What you have to do: Look below for the line with "Adidas spodnie dresowe XL", then repeat it and all lines after it, exactly, minus any pictures.

Information shown:
============

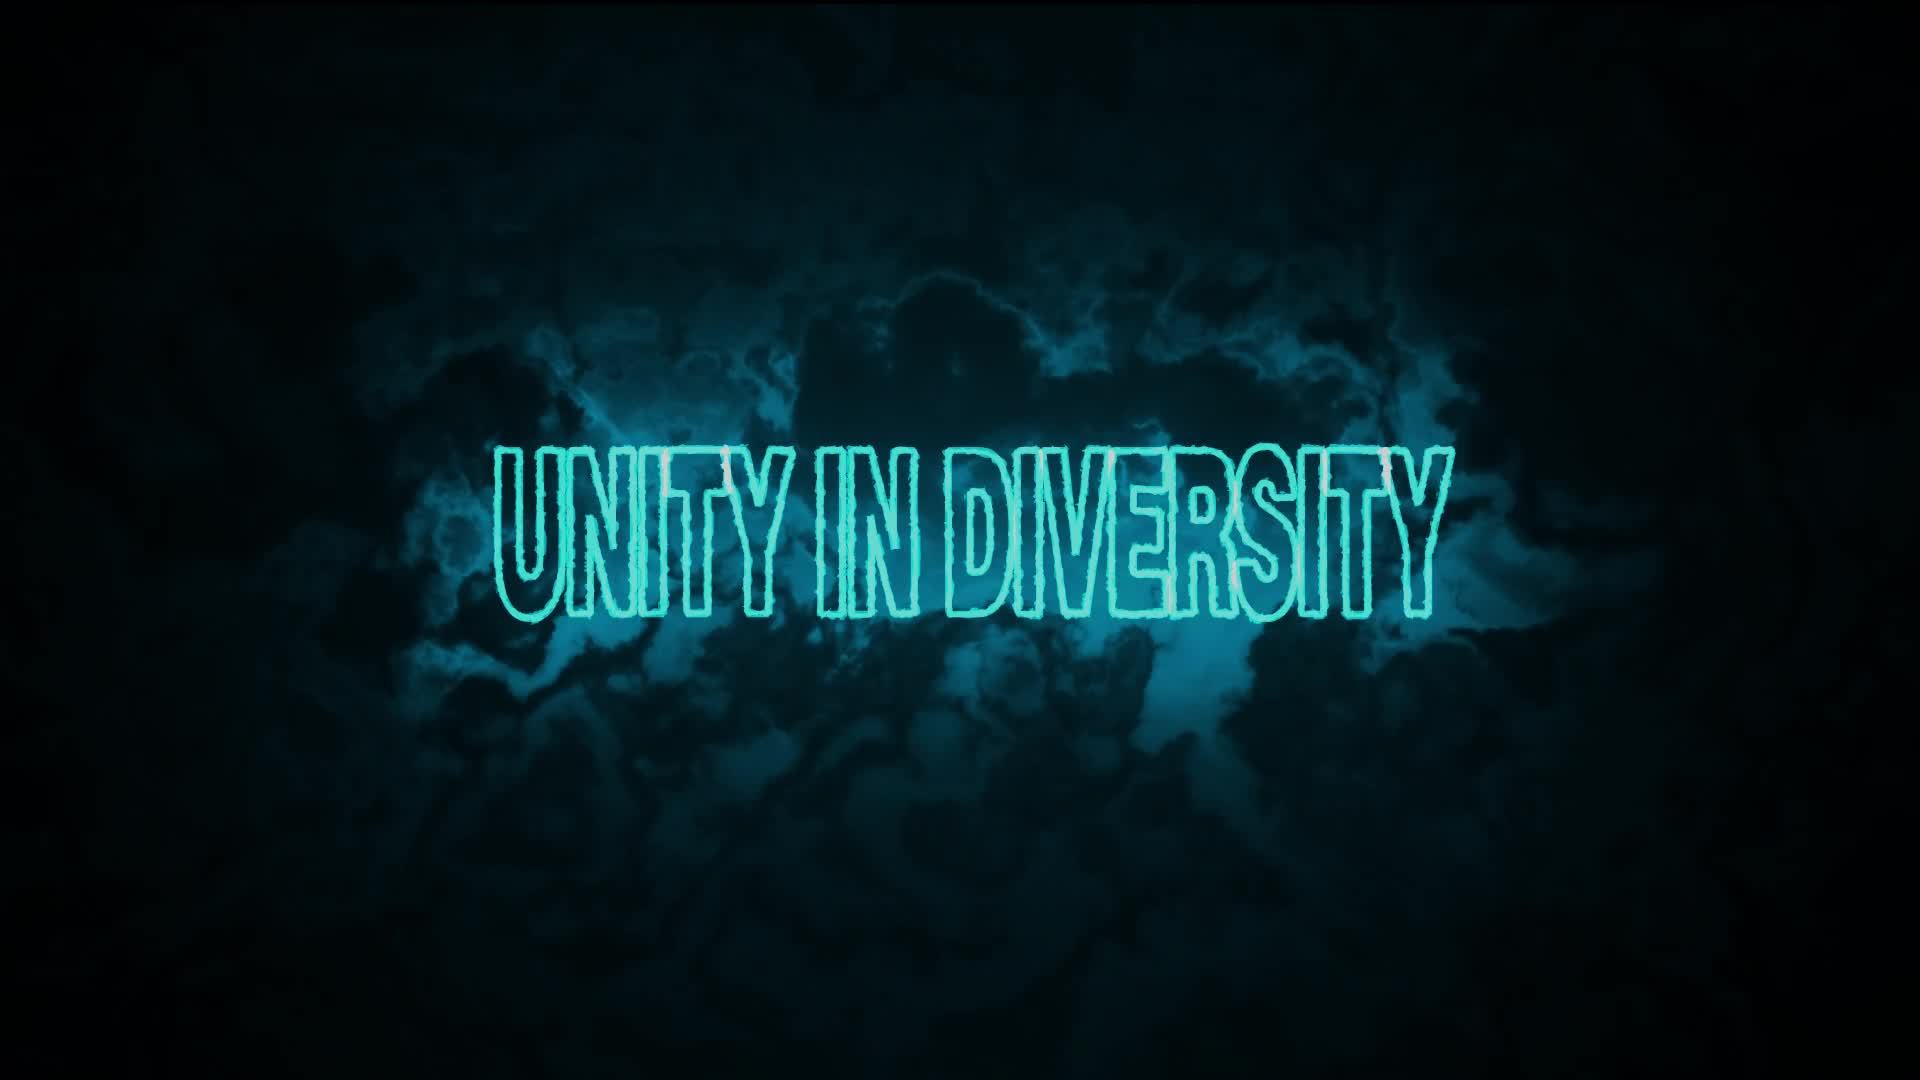 Sự đa dạng là điều quý giá và độc đáo. Unity in Diversity là một khái niệm thú vị để khám phá. Hãy xem hình ảnh để cảm nhận được sự đa dạng đó.
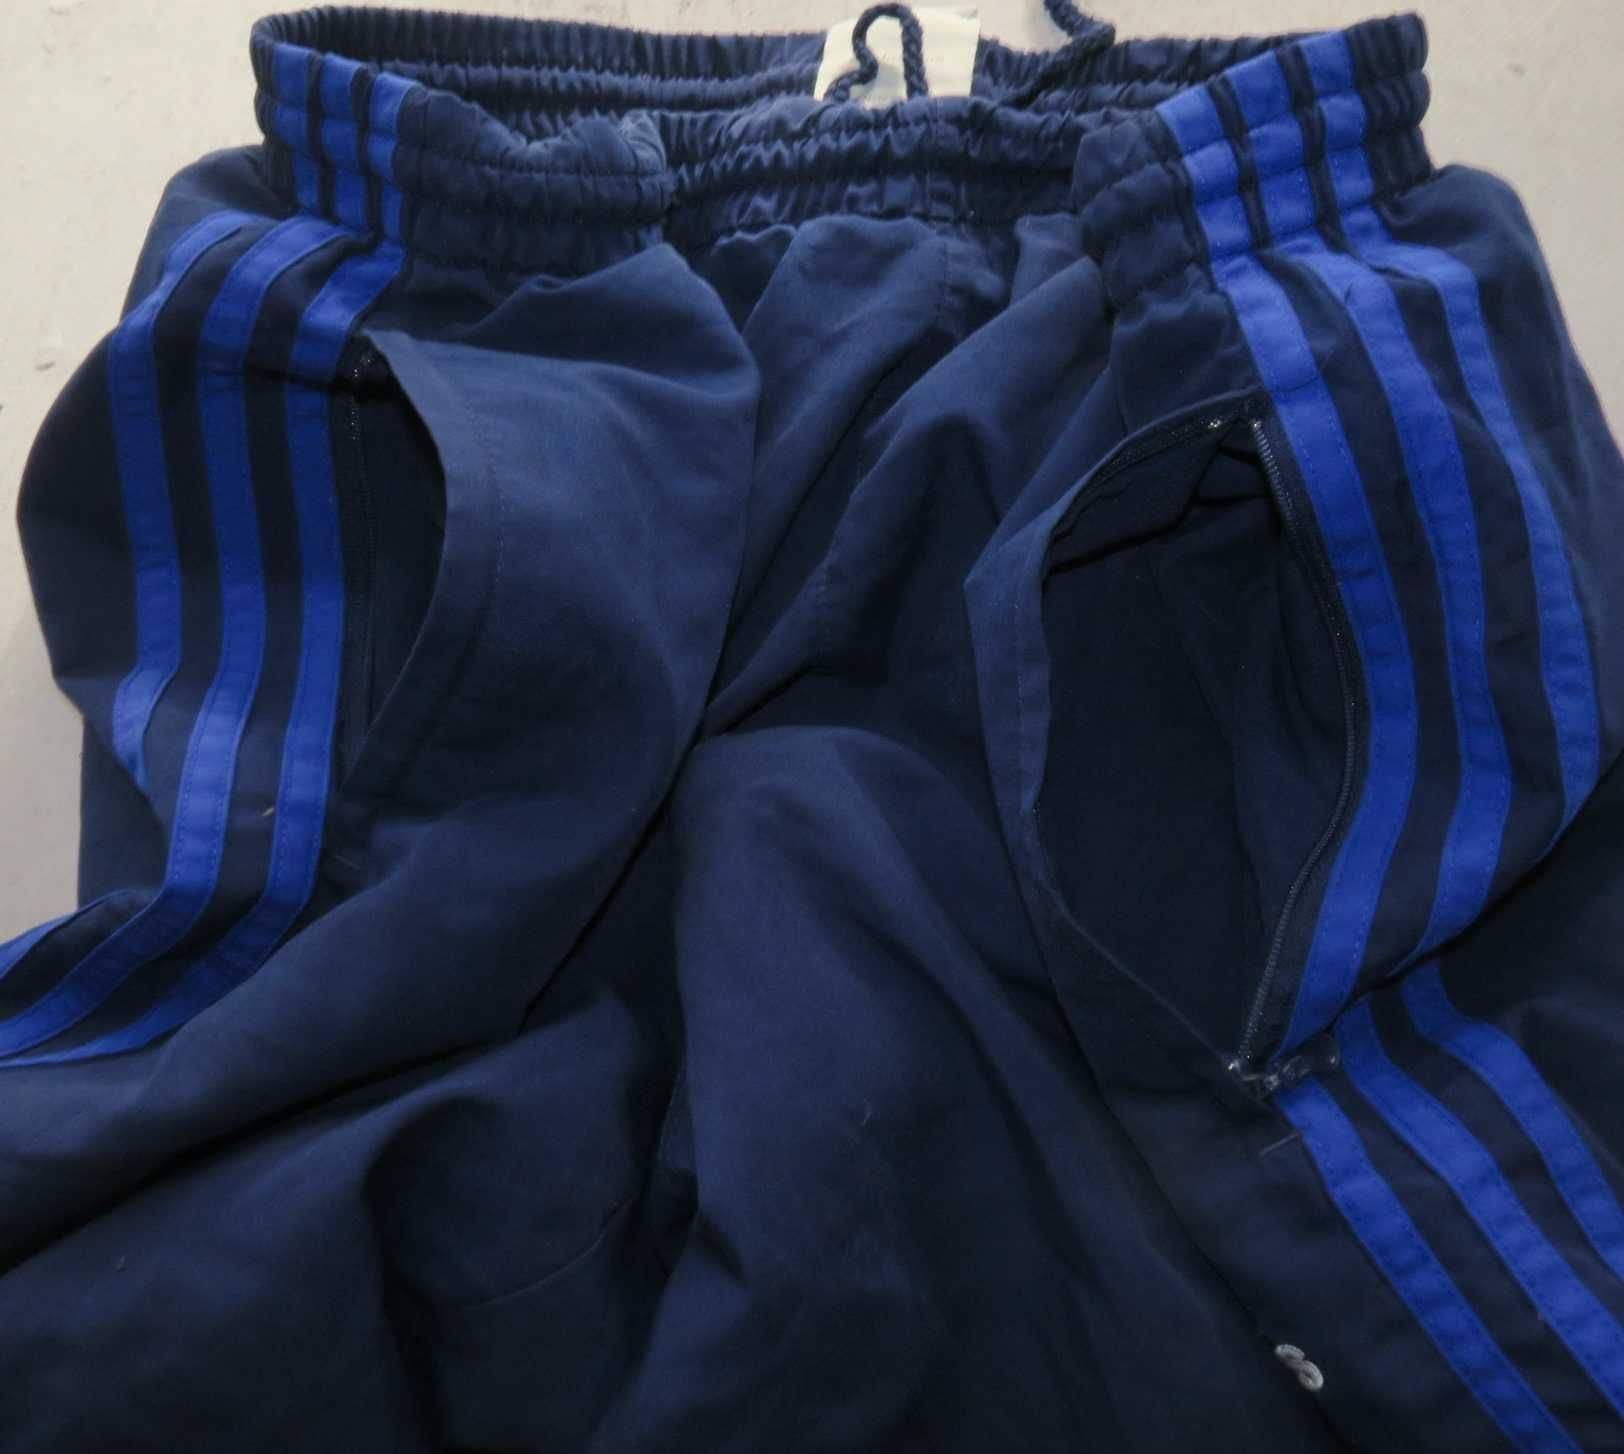 Adidas spodnie dresowe XL
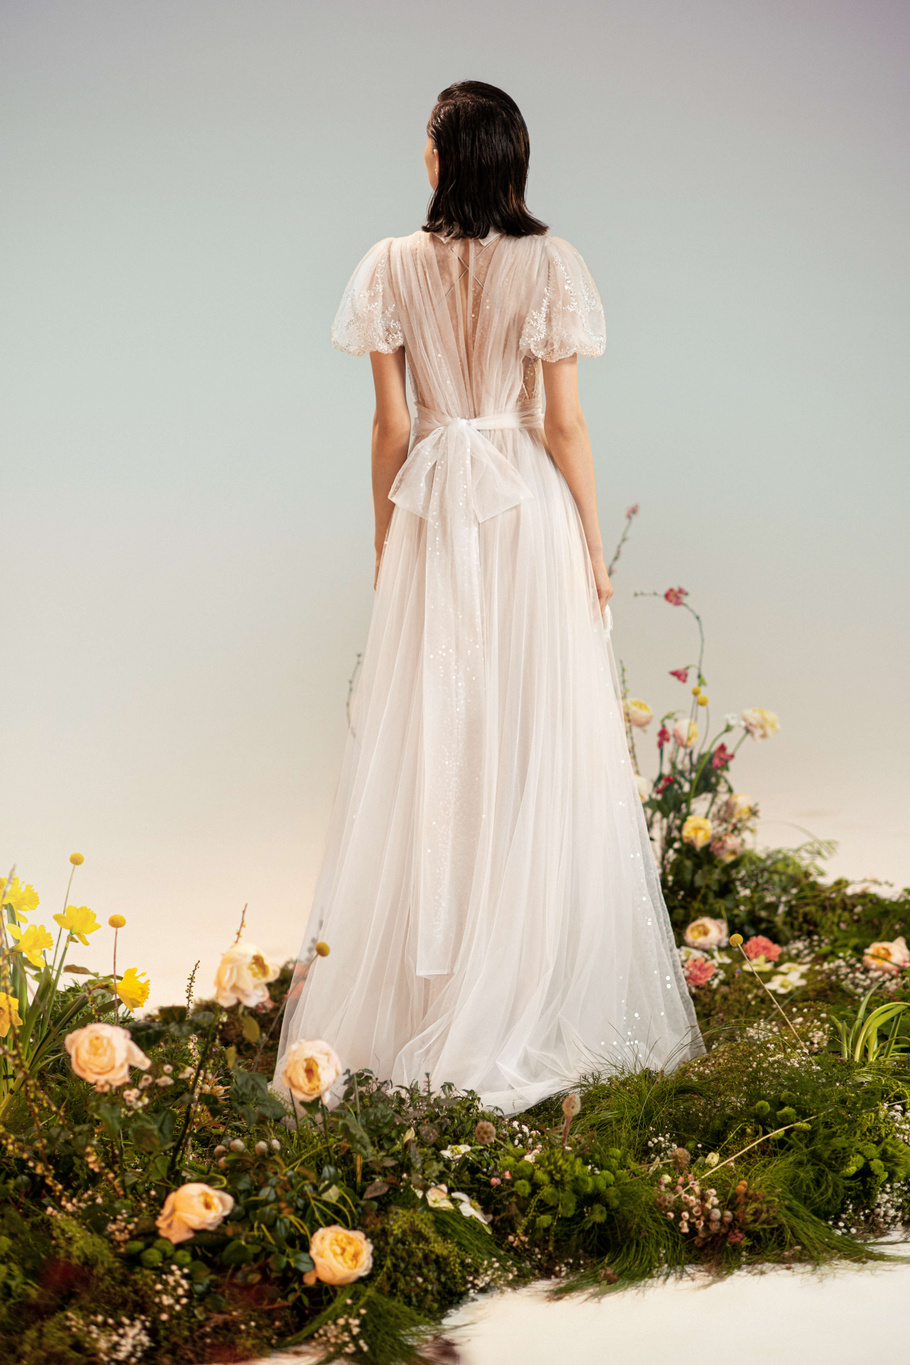 Купить свадебное платье «Вери+Сова» Рара Авис из коллекции Оазис 2022 года в салоне «Мэри Трюфель»

============

Task answer:
 Adidas spodnie dresowe XL
 Купить свадебное платье «Вери+Сова» Рара Авис из коллекции Оазис 2022 года в салоне «Мэри Трюфель»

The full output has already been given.